Arti Syajaroh secara Bahasa dan Istilah

Syajaroh adalah kata tunggal yang dijamakkan dalam bentuk kata syajar, syajarot, dan asyjar. Syajar adalah sekelompok tumbuhan yang berpokok. [3] Dan berhubung syajaroh (pohon) adalah tumbuhan yang berpokok dan berakar kuat maka secara istilah kata itu juga digunakan untuk asal-usul dan keturunannya. Kalimat fulanun min syajarotin mubarokah berarti dia mempunyai asal-asul yang diberkahi. [4]

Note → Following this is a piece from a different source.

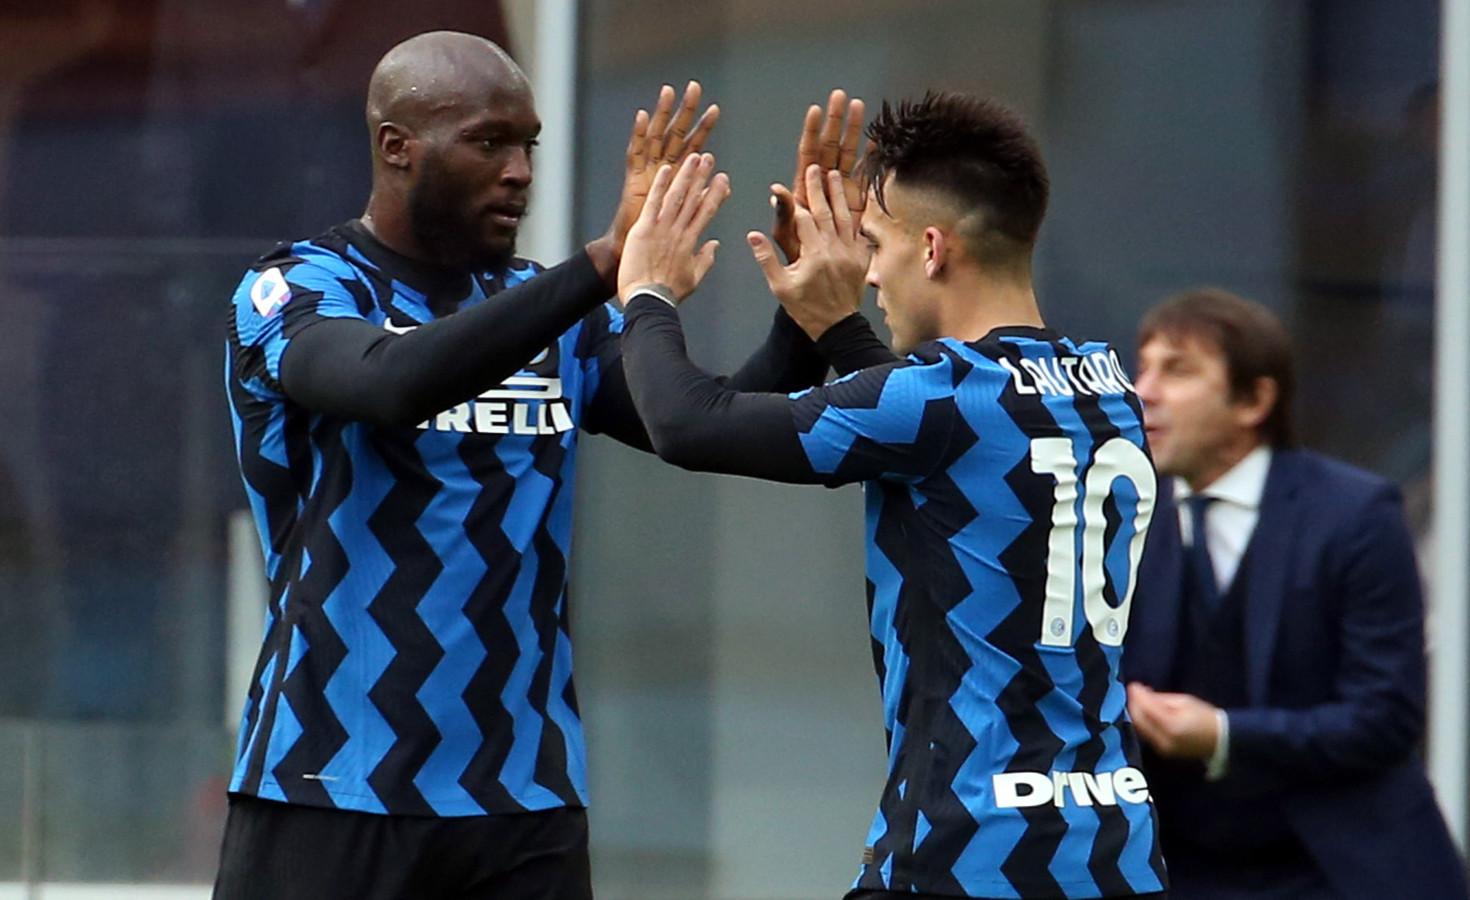 Het superkoppel 'LuLa', Romelu Lukaku en Lautaro Martinez, in de spits bij Inter.

Dan berdasarkan penjelasan ini, dapat disaksikan bahwa ada beberapa ayat al-Qur’an yang menunjukkan makna itu, seperti:


﴿ اَلَمْ تَرَ كَيْفَ ضَرَبَ اللّه‏ُ مَثَلاً كَلِمَةً طَيِّبَةً كَشَجَرَةٍ طَيِّبَةً اَصْلُهَا ثَابِتٌ وَ فَرْعُهَا فِي السَّماءِ ﴾ / ابراهیم: 24

Artinya: “Tidakkah kamu perhatikan bagaimana Allah telah membuat perumpamaan kalimat yang baik seperti pohon yang bagus, akarnya teguh dan cabangnya menjulang ke langit”. (QS. Ibrahim: 24).
Dan ayat:


﴿ وَ مَثَلُ كَلِمَةِ خَبِيثَةً كَشَجَرَةٍ خَبِيثَةٍ اجْتُثَّتْ مِنْ فَوقِ الاْءَرْضِ مَالَهَا مِنْ قَرَارٍ ﴾ / ابراهیم: 26

Artinya: “Dan perumpamaan kalimat yang buruk seperti pohon yang jelek, yang terbongkar dari tanah, tidak dapat tetap (tegak)”. (QS. Ibrahim: 26).

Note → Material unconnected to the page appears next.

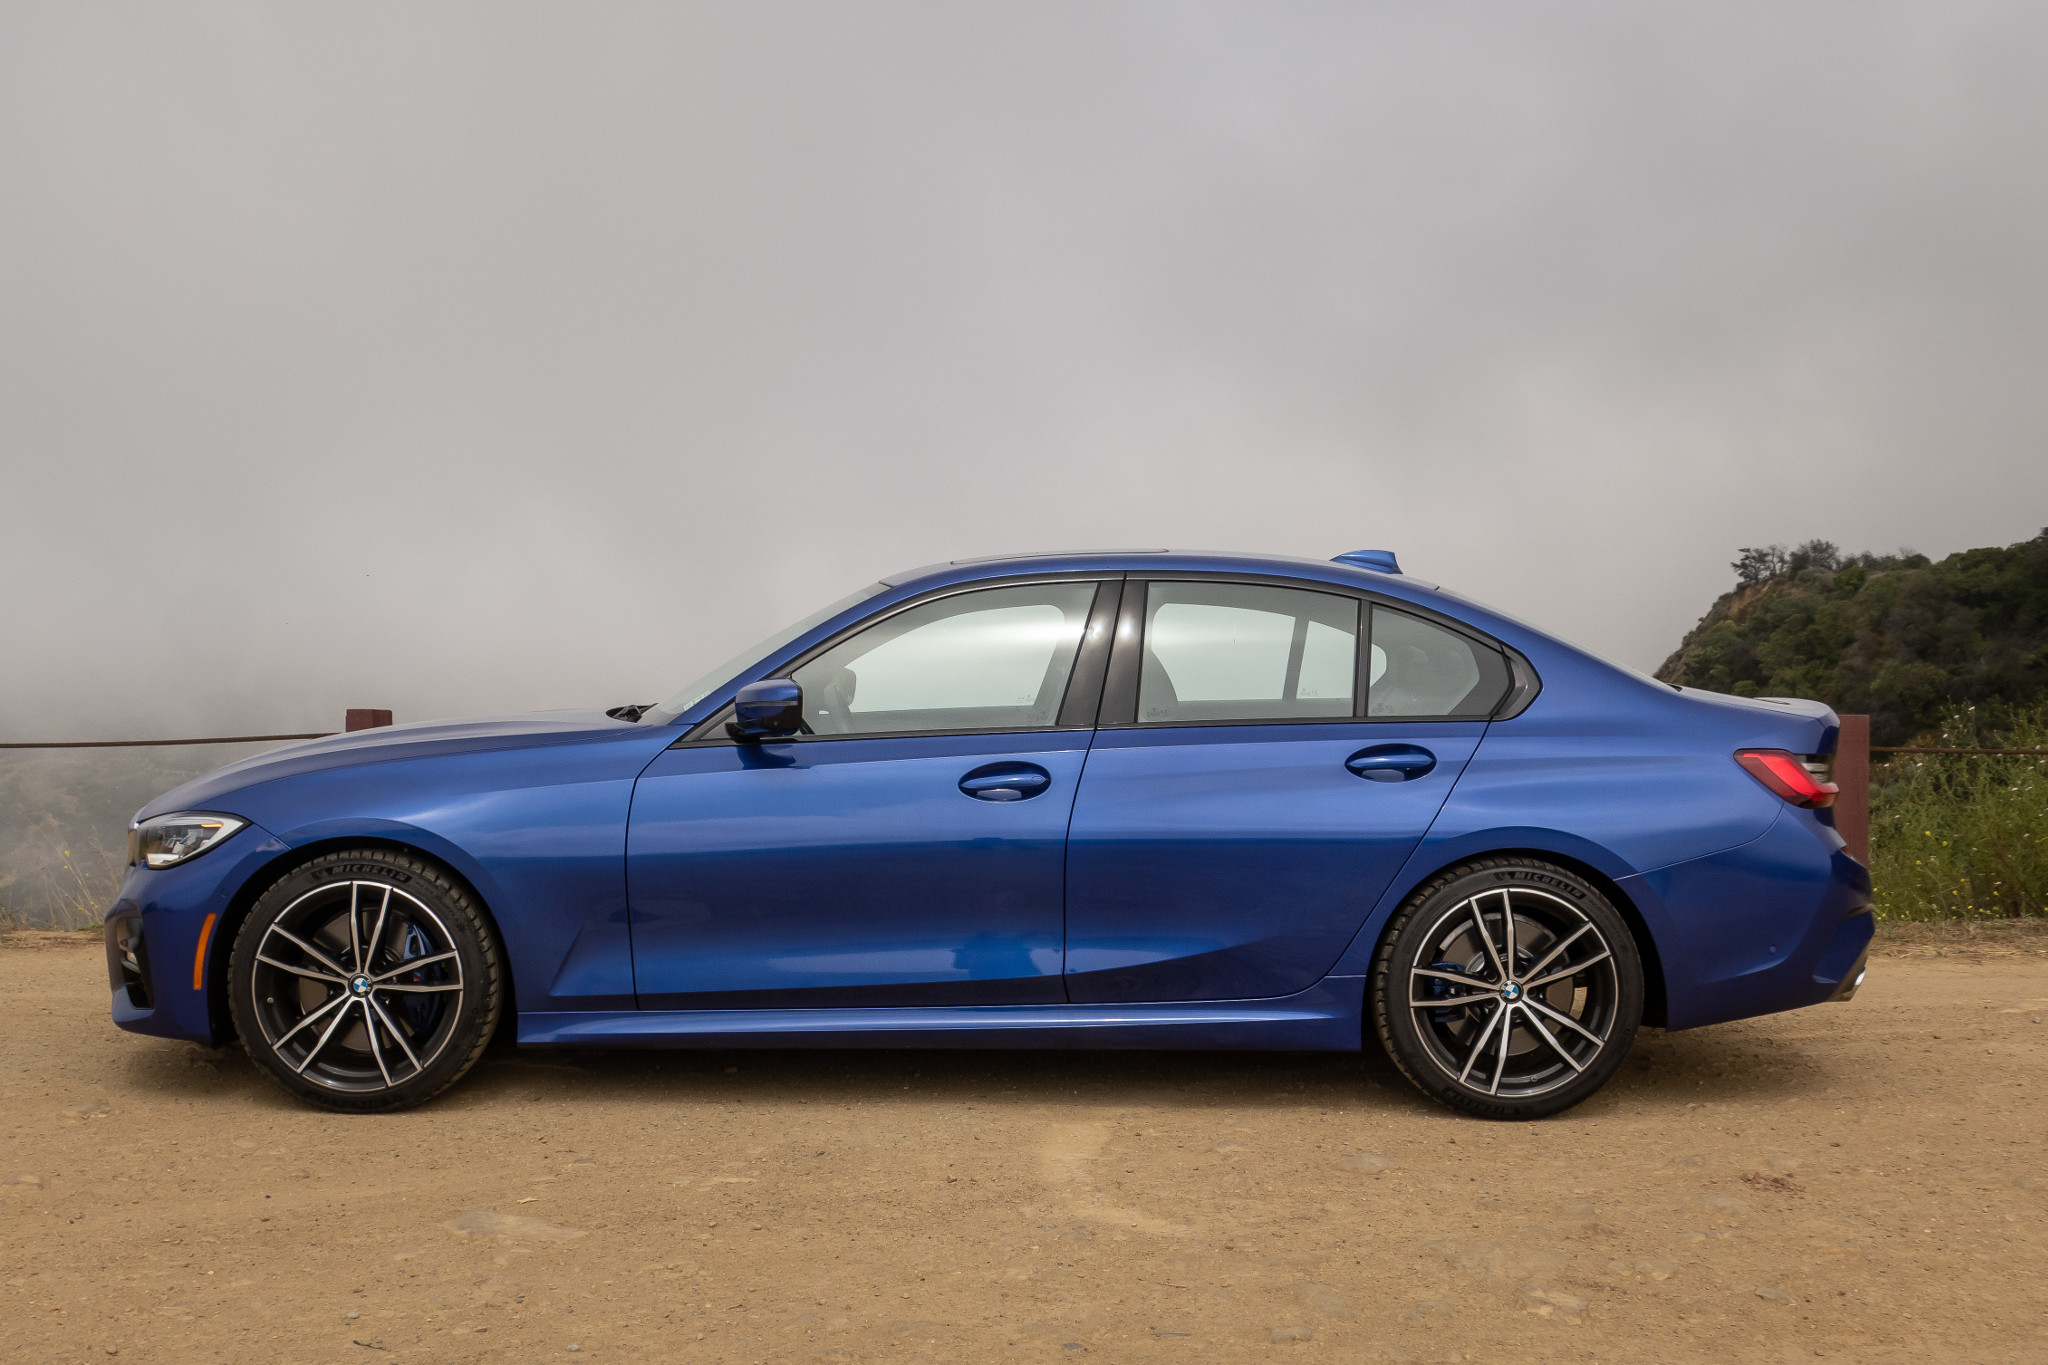 bmw-330i-2019-06-blue--exterior--profile.jpg

Penggunaan kata ini juga bisa ditemukan dalam hadis-hadis, contohnya dalam sebuah hadis Rasulullah saw. bersabda kepada Amirul Mukminin Ali bin Abi Thalib as.: “Wahai Ali! Orang-orang berasal dari berbagai pohon, sedangkan aku dan kamu berasal dari satu pohon”. [5]

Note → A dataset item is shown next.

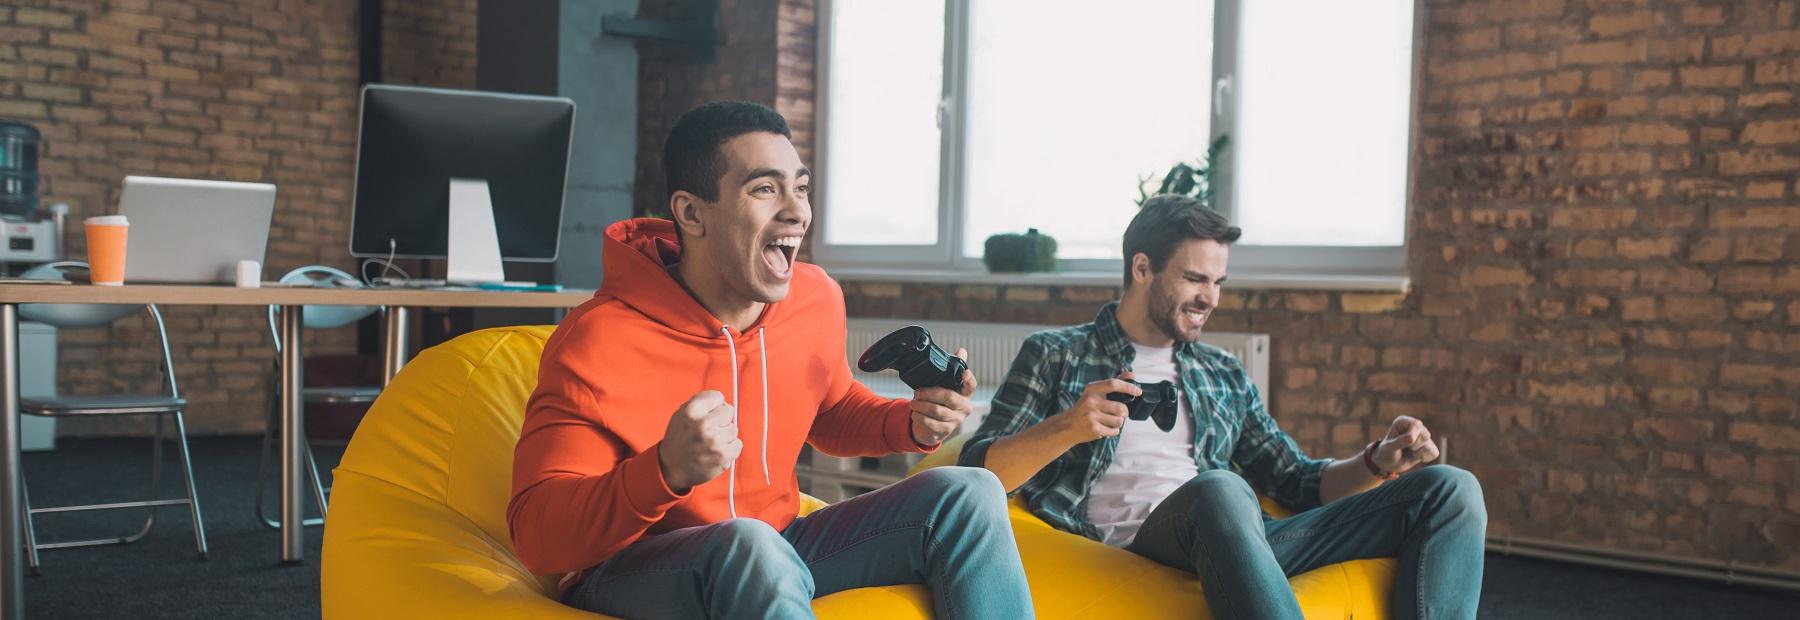 Xbox Game Pass : contacter le service client par téléphone

Syajaroh atau pohon dalam hadis ini berarti asal-usul dan silsilah keturunan. Mawardi mengartikannya dalam bentuk yang berbeda tapi berdekatan dengan makna yang telah kami sebutkan di atas, dia berkata: “Syajaroh merupakan metafora atau kiasan dari wanita, dan masyarakat adalah anak-anak wanita seperti cabang-cabang pohon”. [6]


Sekilas tentang Ayat

Ayat tersebut terdiri dari empat bagian dan setiap bagiannya secara terpisah menunjukkan makna yang jelas, tapi dari sisi hubungan yang terjalin di antara bagian-bagian itu terdapat sesuatu yang masih global dikarenakan bagian yang kedua dan ketiga, yakni mimpi dan pohon, sebab Allah swt. tidak menerangkan apa yang Dia perlihatkan pada Rasulullah saw. dalam mimpi, selain itu di ayat-ayat lain tidak ada yang menafsirkan mimpi tersebut, dan mimpi yang dimaksudkan dalam ayat ini tidak sesuai dengan mimpi yang dijelaskan dalam ayat [7]

 لَقَد صَدَقَ اللهُ رَسُولَهُ الرُّؤیََا بِالحَقِّ لَتَدخُلُنَّ المَسجِدَ الحَرَامَ ... 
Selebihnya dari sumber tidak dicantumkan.